Democracy 21 Summary of DISCLOSE 2012 Act
Introduced by Representative Chris Van Hollen
The DISCLOSE 2012 Act requires any “covered organization” which spends $10,000 or more on a “campaign-related disbursement” to file a disclosure report with the Federal Election Commission within 24 hours of the expenditure, and to file a new report for each additional $10,000 or more that is spent. The FEC must post the report on its website within 24 hours of receiving it.
A “covered organization” includes any corporation, labor organization, section 501(c) organization, Super PAC or section 527 organization. Section 501(c)(3) charitable organizations, which are prohibited by their tax status from spending money to influence elections, are excluded.
The disclosure report must include the name of the covered organization, the amount of each disbursement of more than $1,000, the election to which the spending pertains, the name of the candidate identified, and a certification by the head of the organization that the disbursement was not coordinated.
If the covered organization paid for the campaign-related disbursement out of a segregated bank account consisting only of funds donated directly to the account (and not transferred to the account by the covered organization), it has to disclose only those donors who gave an aggregate of $10,000 or more to the account since January 1 of the year preceding the election, the amount of each donation, and the aggregate amount given.
If the covered organization paid for the disbursement out of its general treasury, it has to disclose the source of all donations, including dues payments, of $10,000 or more to the organization since January 1 of the year preceding the election, the amount of each donation, and the aggregate amount given.
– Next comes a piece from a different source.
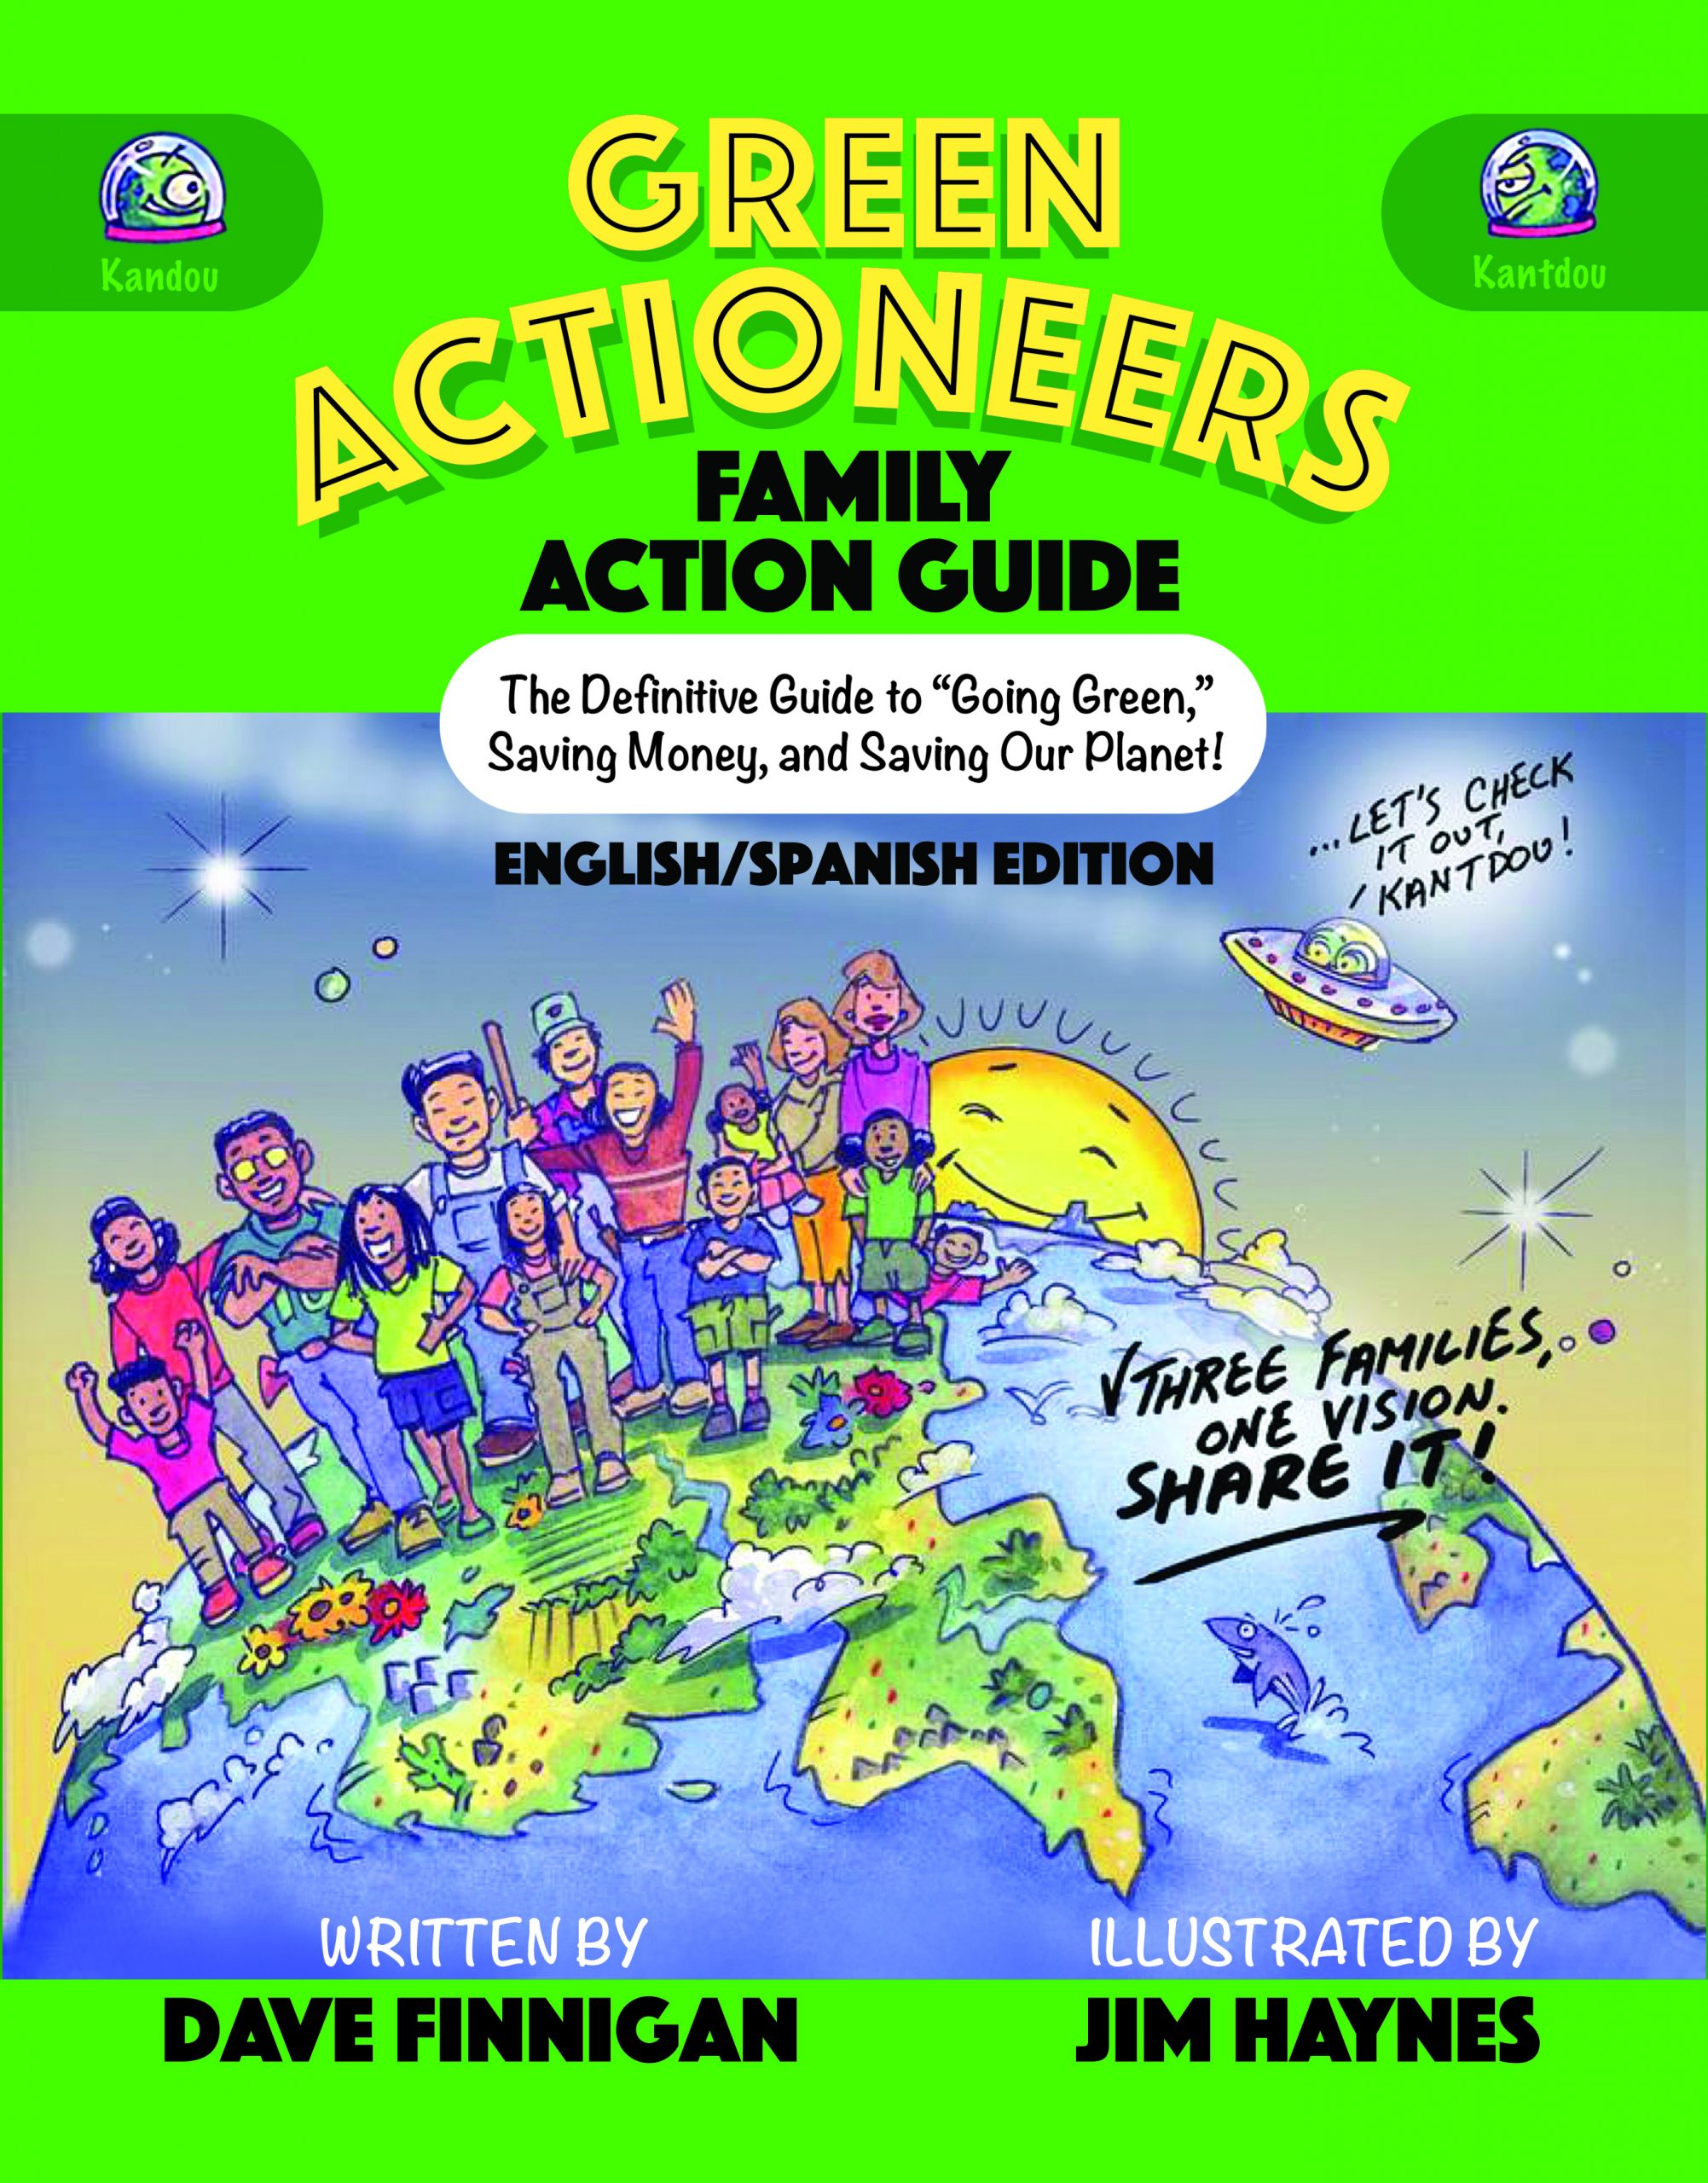 Green Actioneers Activity Guide front cover

This excludes any funds received in a commercial transaction or in the form of an investment. If a donor restricts his payment to the organization from being used for a campaign-related disbursement, and the organization consents to the restriction and segregates the money, the identity of the restricted donor does not have to be disclosed.
A “campaign-related disbursement” includes (1) an independent expenditure, which is defined to include any public communication that contains express advocacy or the functional equivalent of express advocacy, (2) an electioneering communication, which is defined to include any broadcast ad which refers to a federal candidate and is broadcast anytime after January 1 of the election year (in the case of a congressional candidate), or in the period beginning 120 days prior to the first primary or caucus in any State until the date of the general election (in the case of a presidential candidate), or (3) a “covered transfer.”
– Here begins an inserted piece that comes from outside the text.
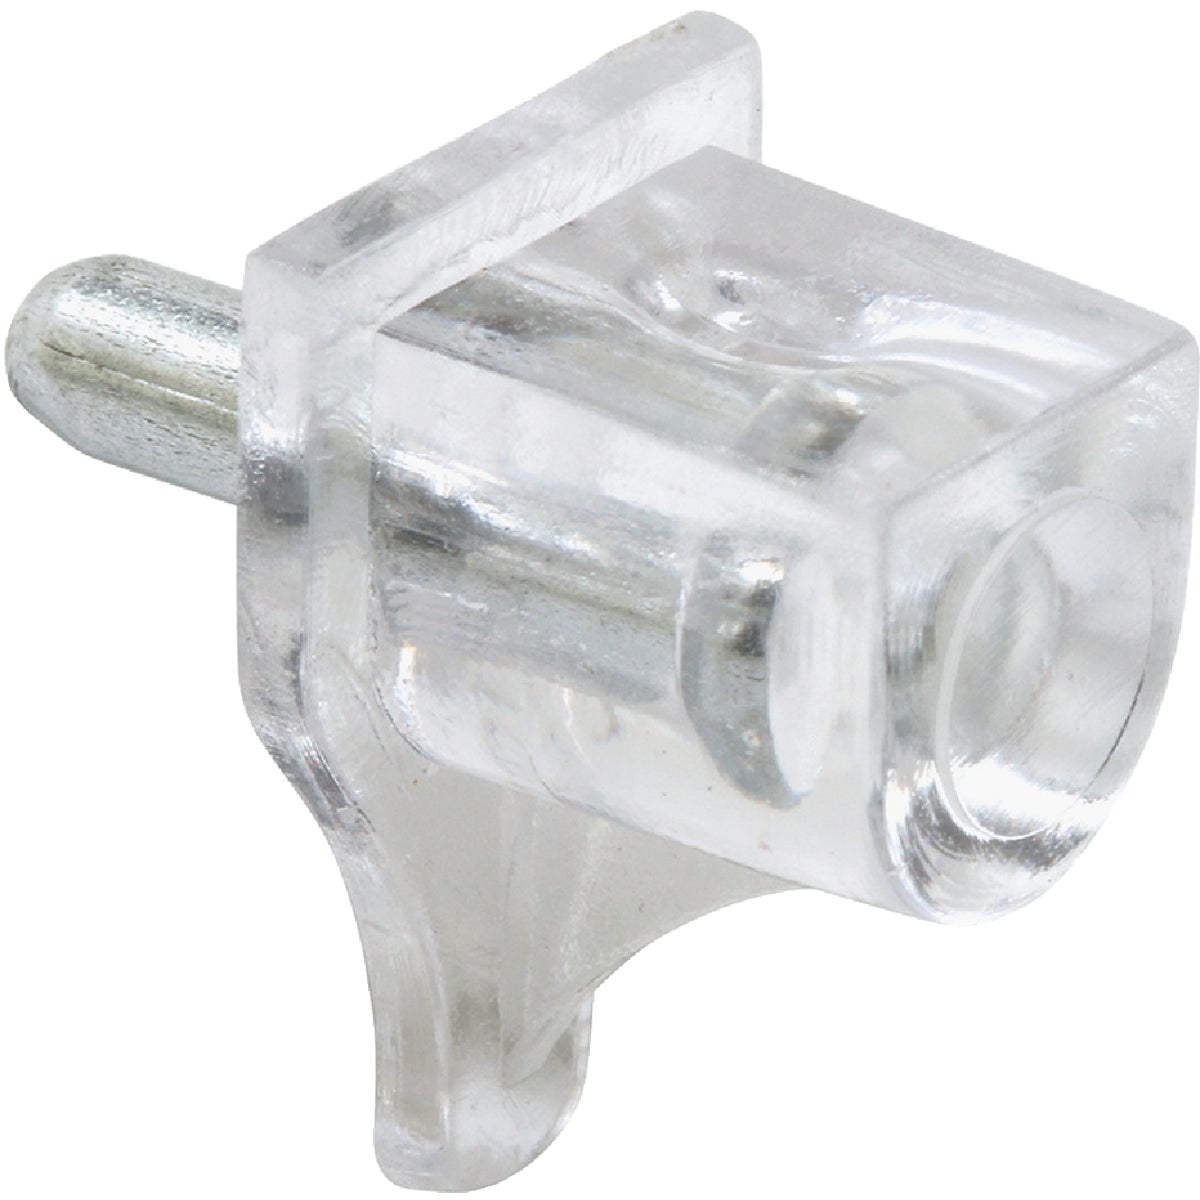 Item 208132, Metal support stem is 3/16 In. diameter. Color: Clear with metal stem.

A “covered transfer” is defined to include any transfer or payment of funds by a covered organization to another person if the transferor designates that the funds should be used for a campaign-related disbursement, if the transfer was made in response to a solicitation that the funds are to be used for a campaign-related disbursement, if there were discussions between the transferor and recipient about making a campaign-related disbursement, if the transferor or recipient had made campaign-related disbursements of $50,000 or more in the prior two years, or if the transferor had reason to know the recipient would make campaign-related disbursements of $50,000 or more in the next two years.
This provision is necessary to prevent the actual sources of funds being spent to influence federal elections from being hidden by laundering the funds through third party groups.
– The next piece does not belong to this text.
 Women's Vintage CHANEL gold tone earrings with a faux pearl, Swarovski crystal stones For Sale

If the transferor and recipient are affiliated, only transfers that aggregate to $50,000 or more in a calendar year are covered.
The legislation also includes improved “Stand By Your Ad” requirements for Super PACs and other outside spending groups. Any covered organization that pays for an independent expenditure or electioneering communication broadcast on radio or TV must disclose in the ads its top five funders (for a TV ad) or top two funders (for a radio ad). The head of the organization also must appear in the ad and state that he or she approves the broadcast message.
The legislation requires any covered organization which submits regular reports to its shareholders, members or donors to include in such reports any information that is required to be reported to the FEC under the legislation, and to post a hyperlink on its homepage to the location of the organization’s disclosure report on the FEC website.
The legislation requires any registered lobbyist, including individuals and organizations that are registered, to report under the Lobbying Disclosure Act the amount of any independent expenditure or electioneering communication made by the registered lobbyist.